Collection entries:
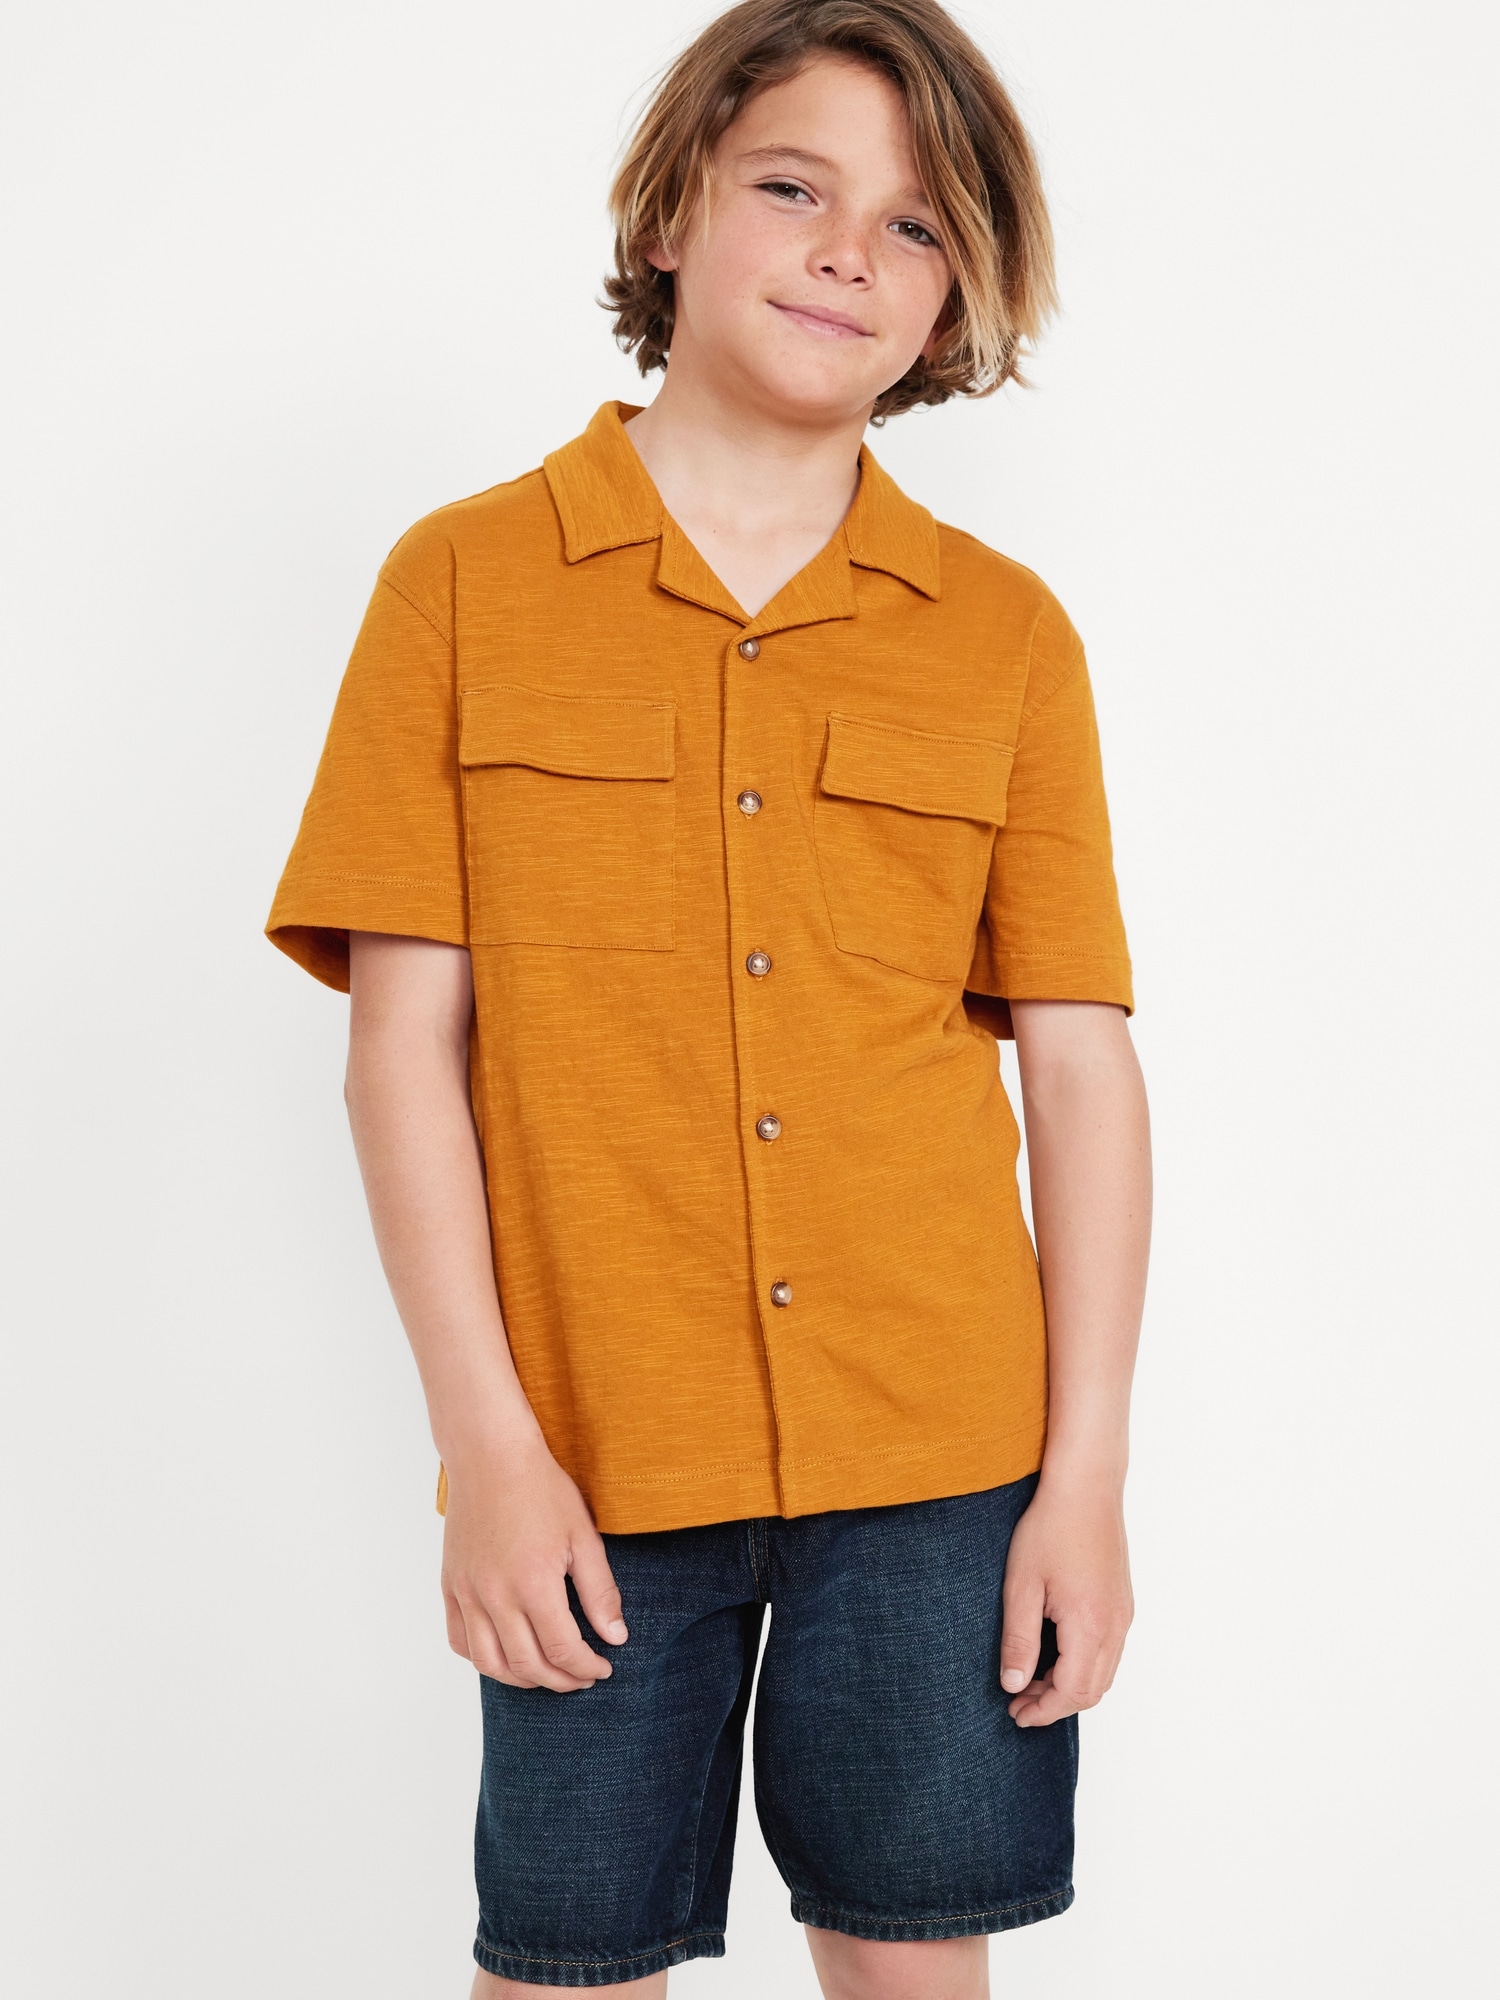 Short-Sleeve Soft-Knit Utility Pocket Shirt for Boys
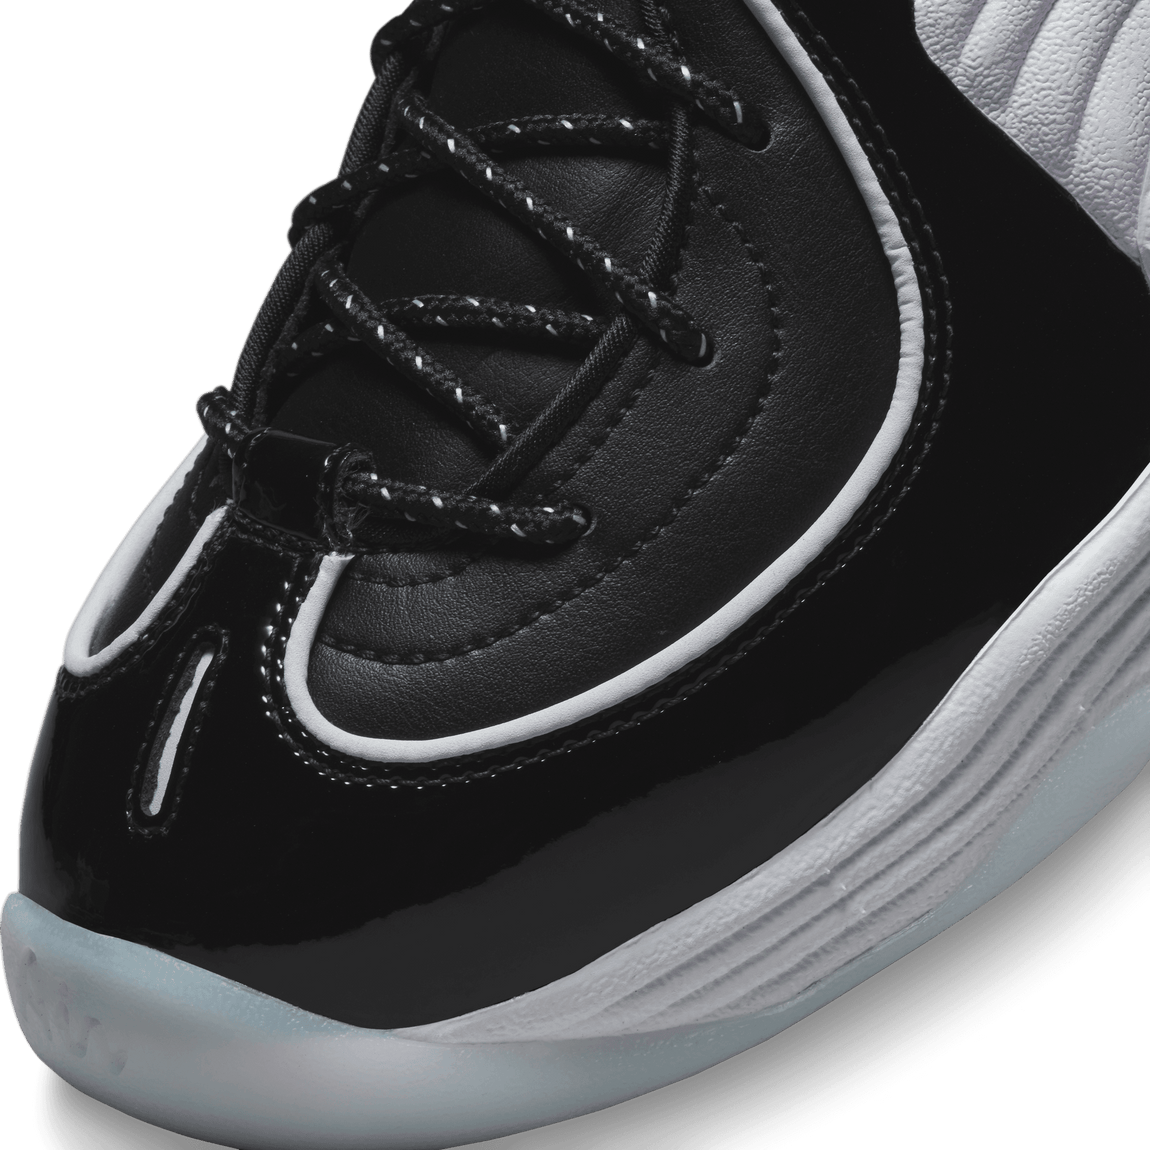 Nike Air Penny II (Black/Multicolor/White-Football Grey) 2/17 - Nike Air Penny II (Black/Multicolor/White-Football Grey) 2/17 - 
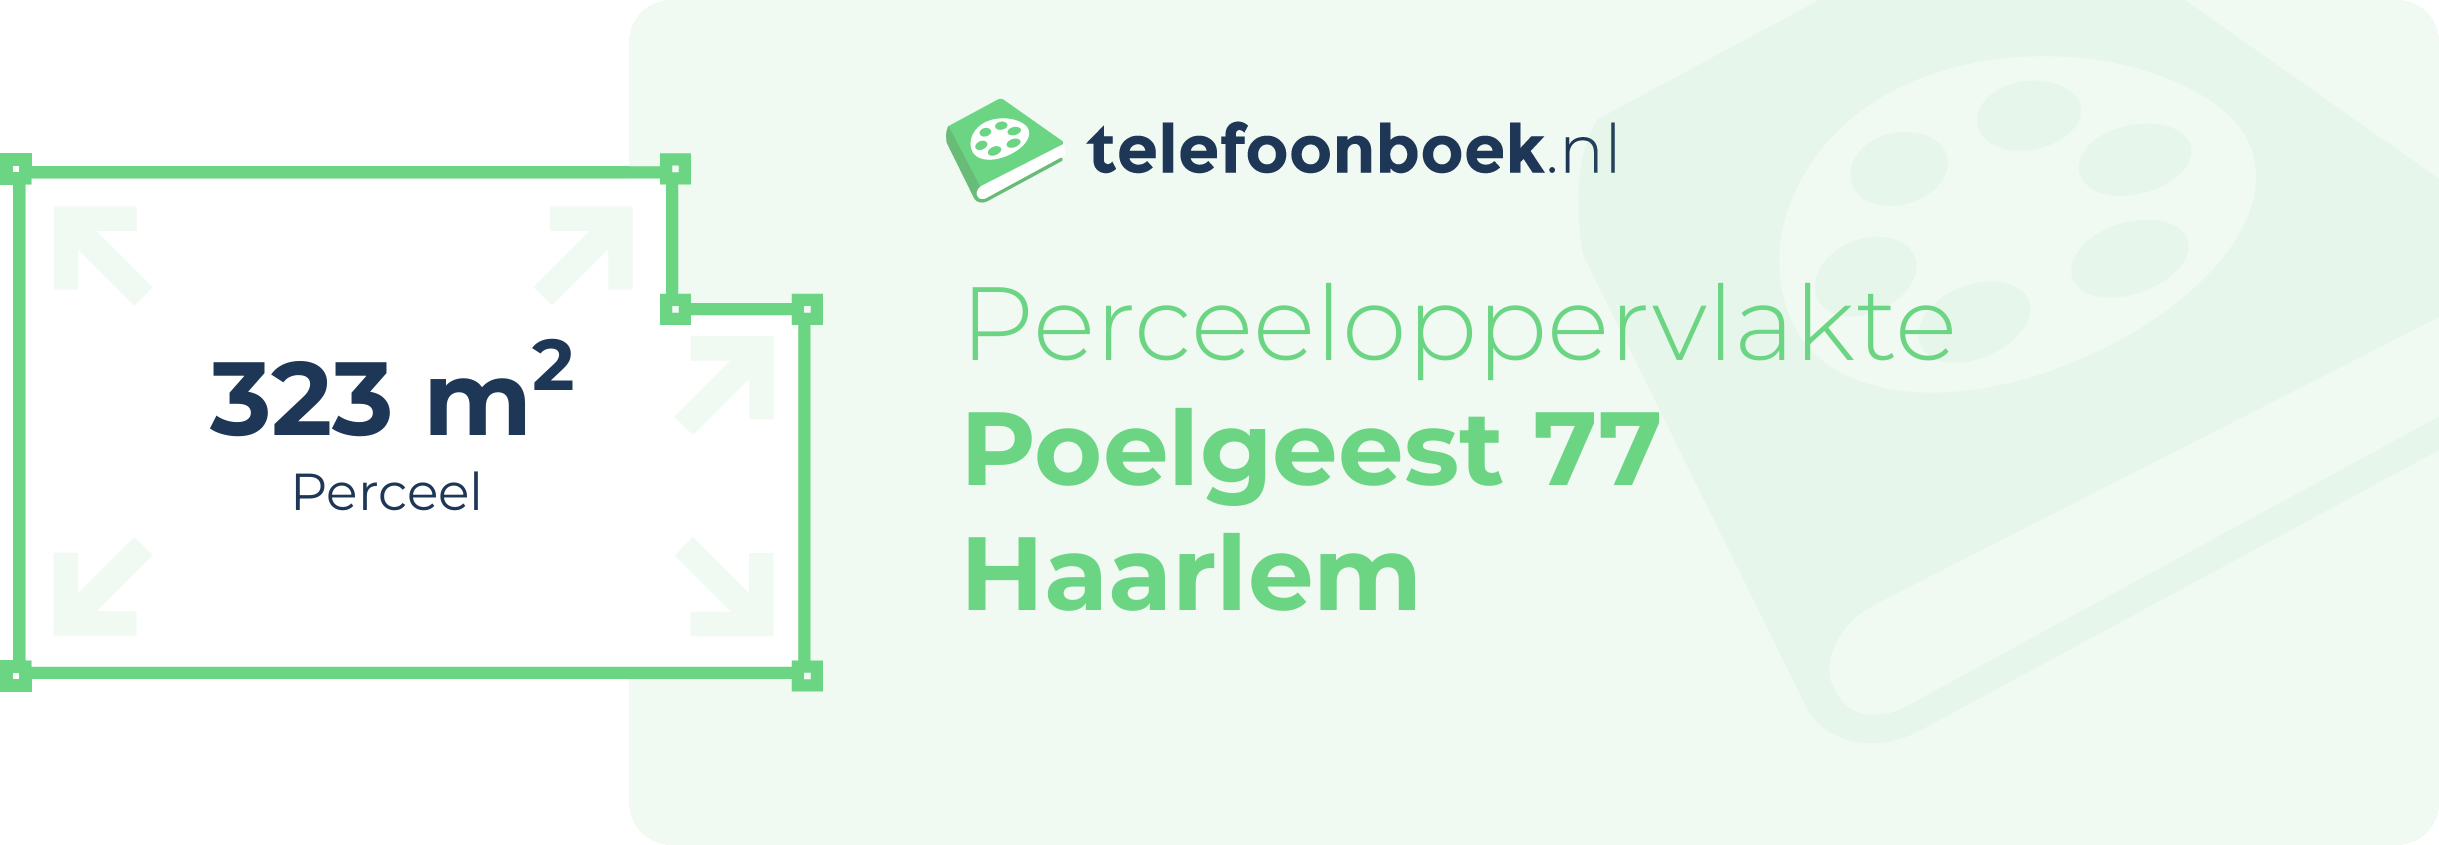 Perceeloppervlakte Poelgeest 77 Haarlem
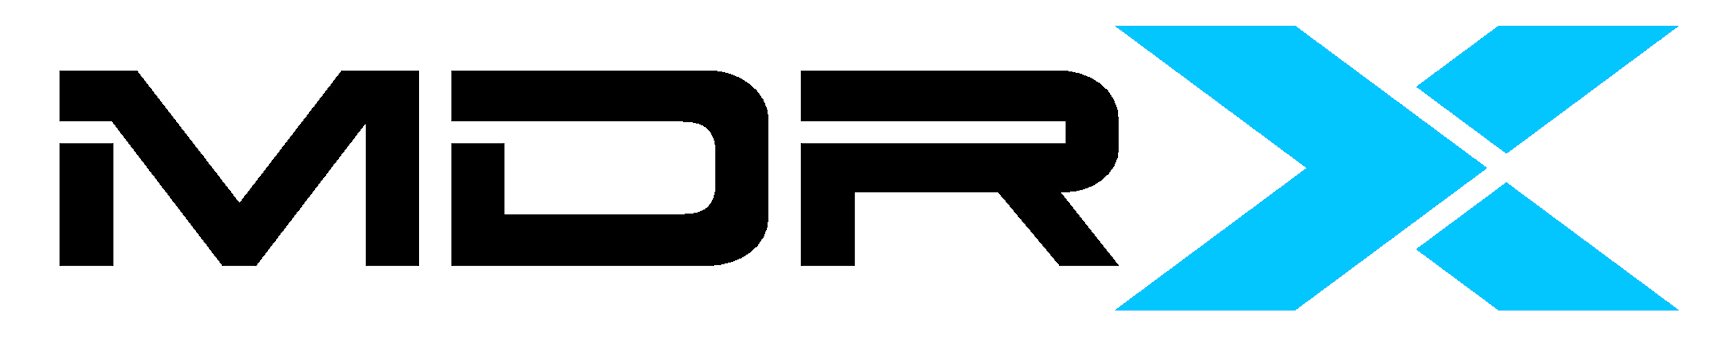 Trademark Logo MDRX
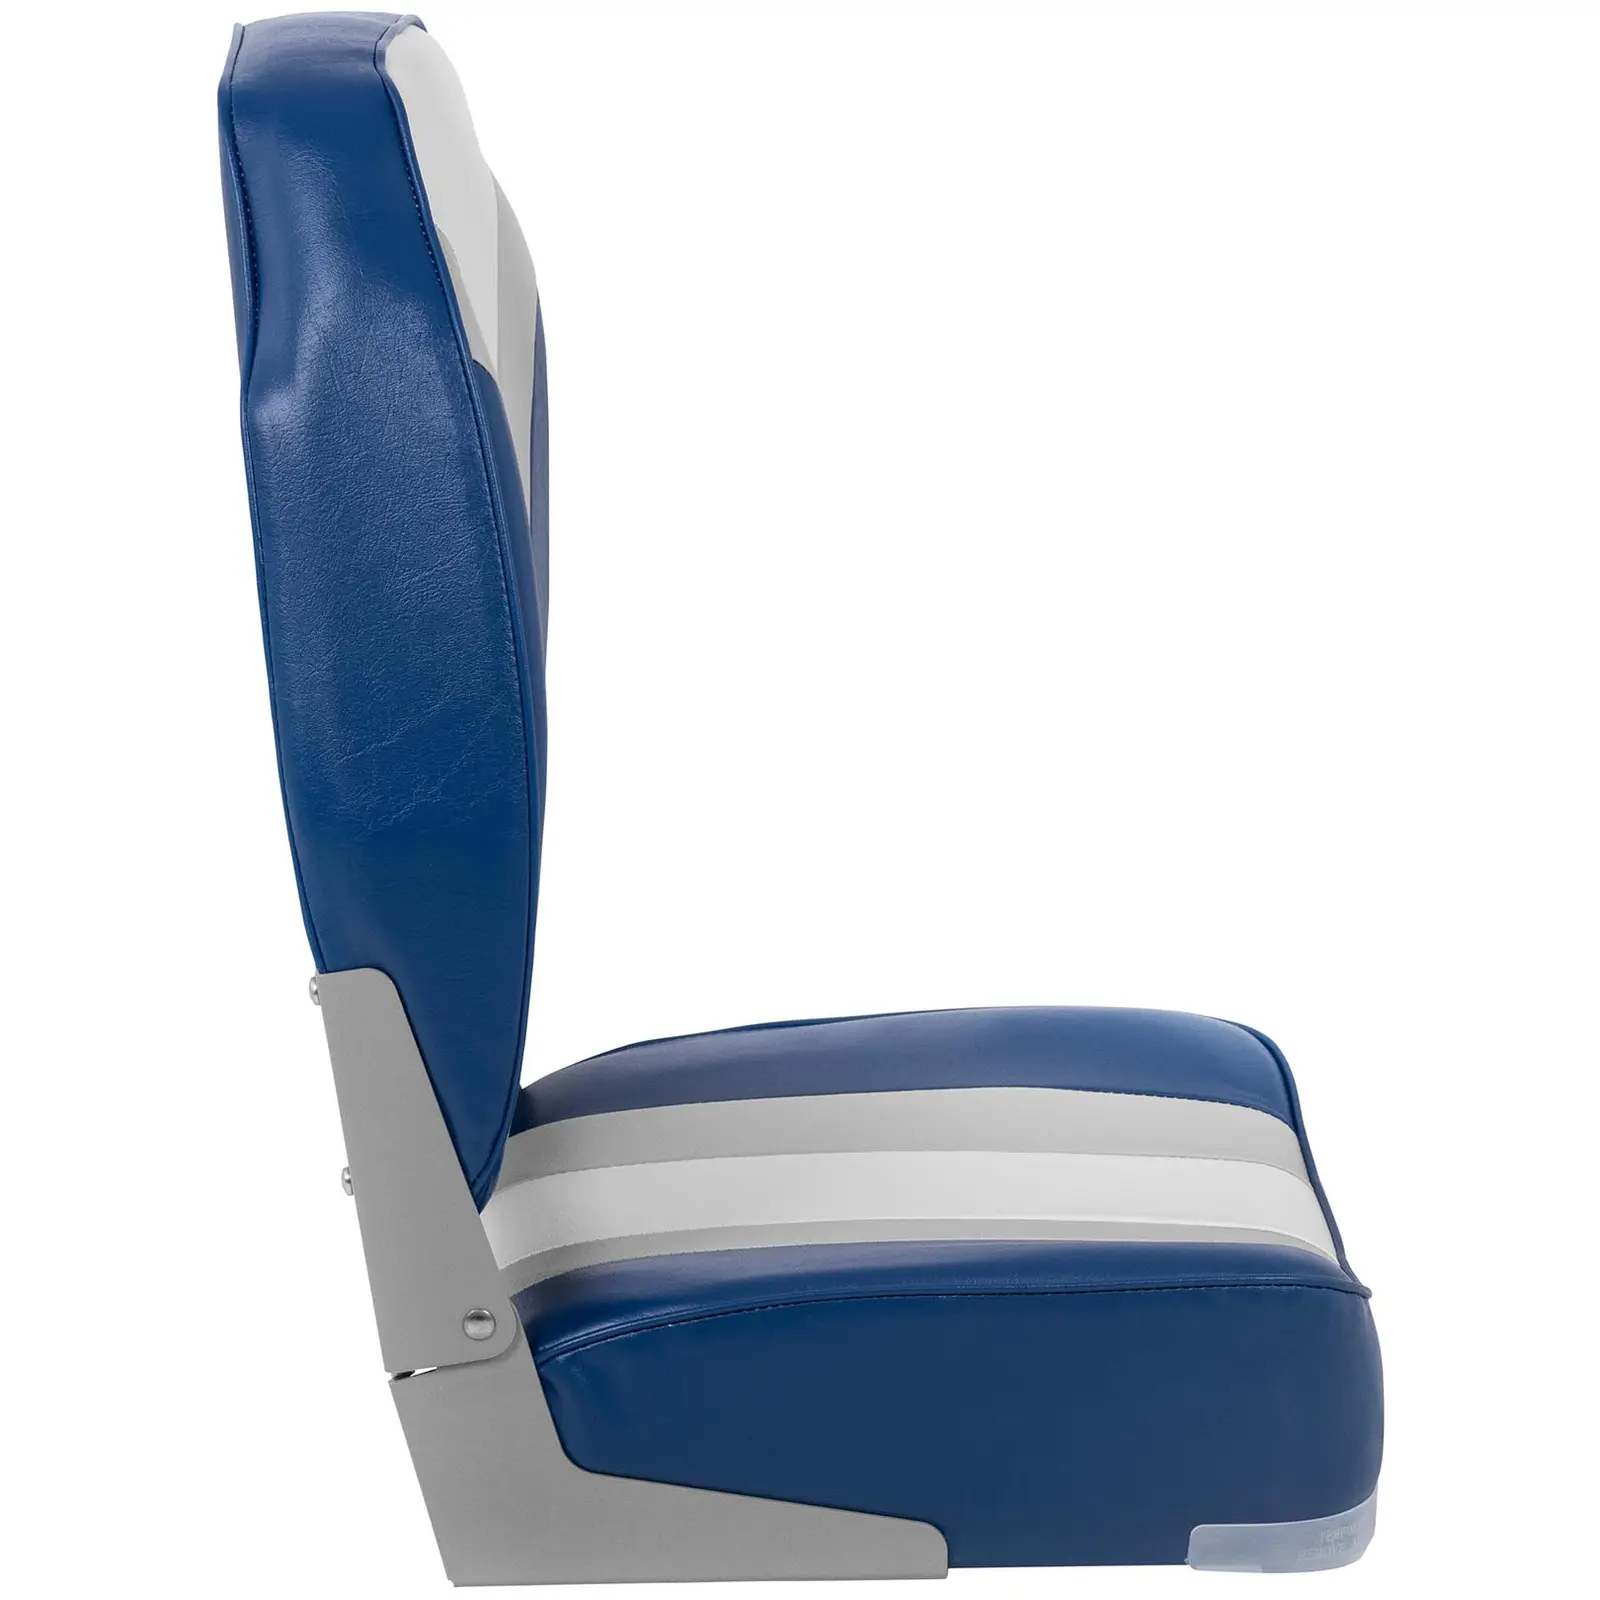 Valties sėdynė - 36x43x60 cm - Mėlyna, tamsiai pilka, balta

What the task requires: Your task is to retype, exactly and only, the lines from the line holding "Perceeloppervlakte Poelgeest 77 Haarlem" through the final line of the data above, with both ends kept. Drop the pictures.

Task solution:
 Perceeloppervlakte Poelgeest 77 Haarlem
 Trademark Logo MDRX
 Valties sėdynė - 36x43x60 cm - Mėlyna, tamsiai pilka, balta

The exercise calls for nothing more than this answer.